# Компьютерные технологии > Железо (hardware) > Драйверы и прошивки BIOS >  Прошивка винчестера MAXTOR!!

## devilred

помогите найти прошивку для винчестера MAXTOR 6g160e0. очень редкий экземпляр, при чем SATA.

----------


## Cheechako

> помогите найти прошивку для винчестера MAXTOR 6g160e0. очень редкий экземпляр, при чем SATA.
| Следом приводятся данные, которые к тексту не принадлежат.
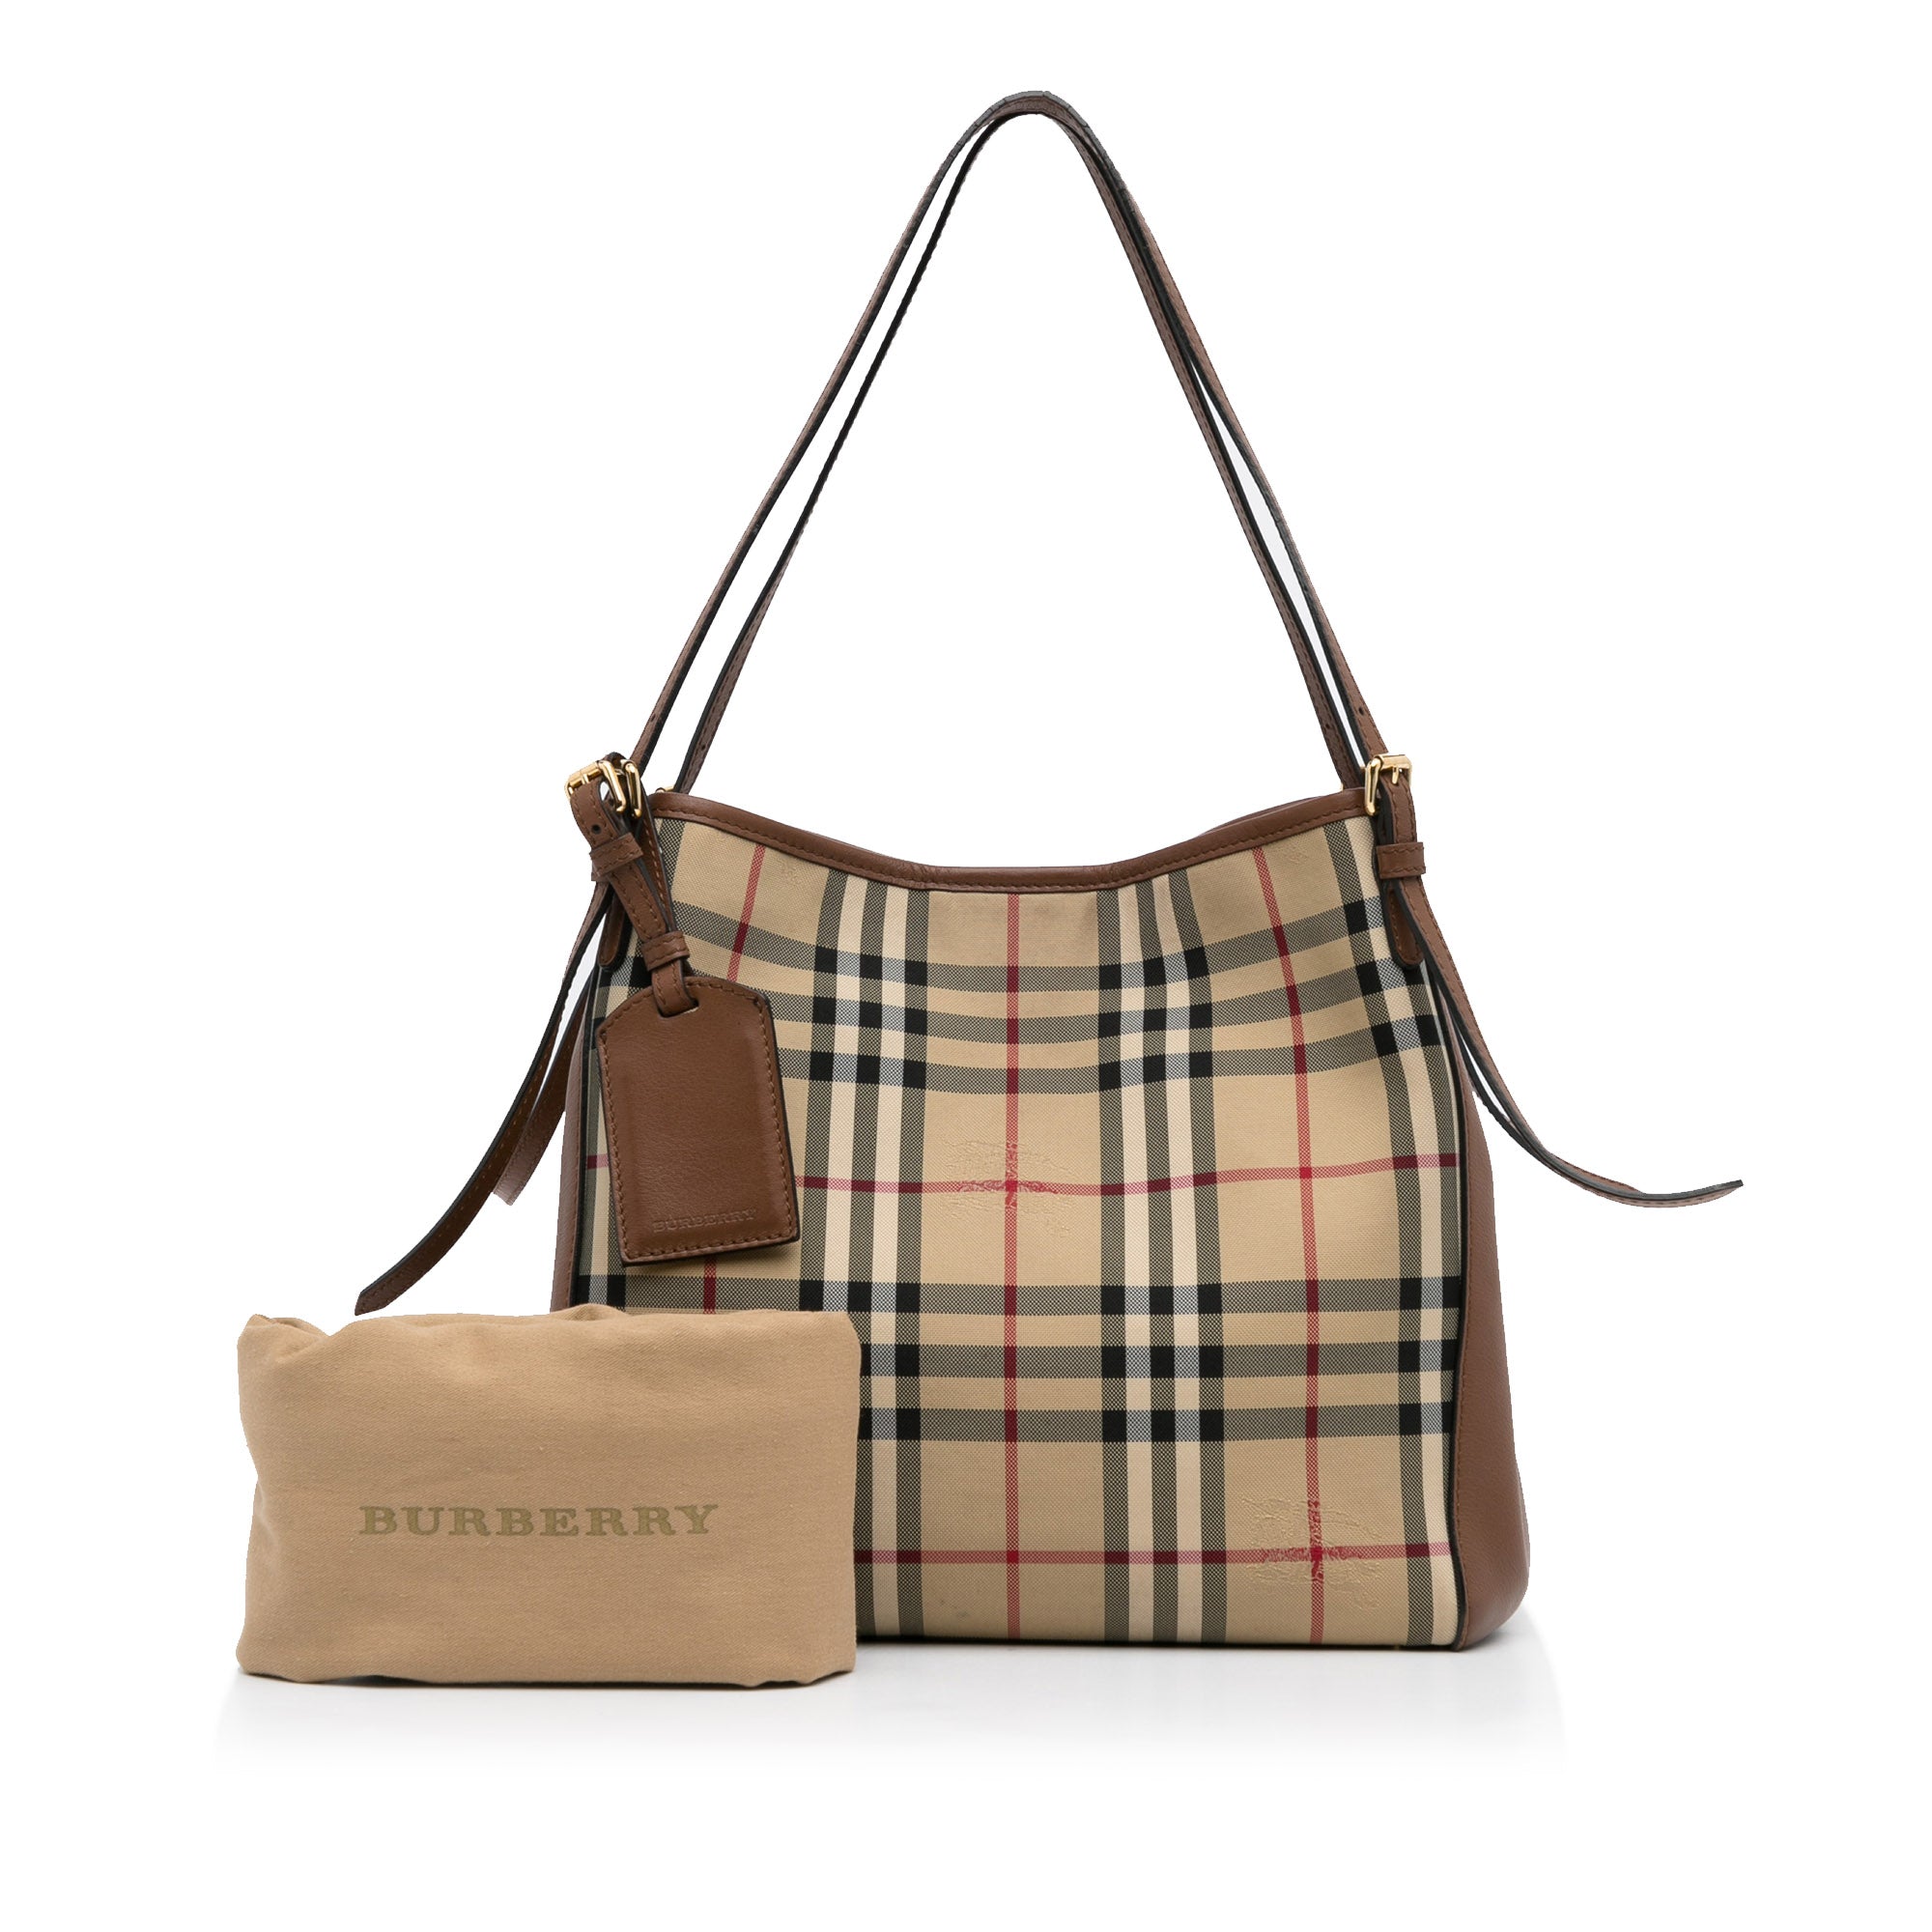 Burberry Canterbury large bag/tote in Haymarket check - clothing

Чем он редкий-то :confused: Для корректности на Maxtor'е Seagate есть утилита Drive Detect (либо SeaTools for DOS/Windows), которая должна показать SN/Revision диска, ну а далее поиск (или запрос) - бо данный диск относится вроде к серии DiamondMax 17, но Seagate адресует к firmware для DiamondMax 23, таки стоить уточнить.
Ежли честно, то не помню, чтобы для этого диска существовало обновление прошивки.

----------


## devilred

этот диск не стартует, проверил прошивку показывает FF FF FF FF. читал с программатора mini pro. firmware для DM23 нашел, спасибо за наводку, скачал iso файл. не пойму в каком там файле лежит прошивка. чип стоит там  25p10vp

----------


## Cheechako

Я бы предположил, что прошивки лежат в файле "MPH-CC3D.ima" (там есть файл "LOD.zip", содержащий файлы PHCC3D1H.LOD/PHCC3D2H.LOD/PHCC3D4H.LOD, только в каком что :confused:).
В принципе, на тему восстановления дисков можно найти рекомендации вроде "HDD RELOAD FIRMWARE Seagate Barracuda 7200.11 и Maxtor DiamondMax 22.".

----------


## devilred

долго не было, был в командировке, попробовал прошить всеми прошивками, винт молчит( но  88I6775DB1-TLA1 микруха греется до 50 градусов. греется постеменно

----------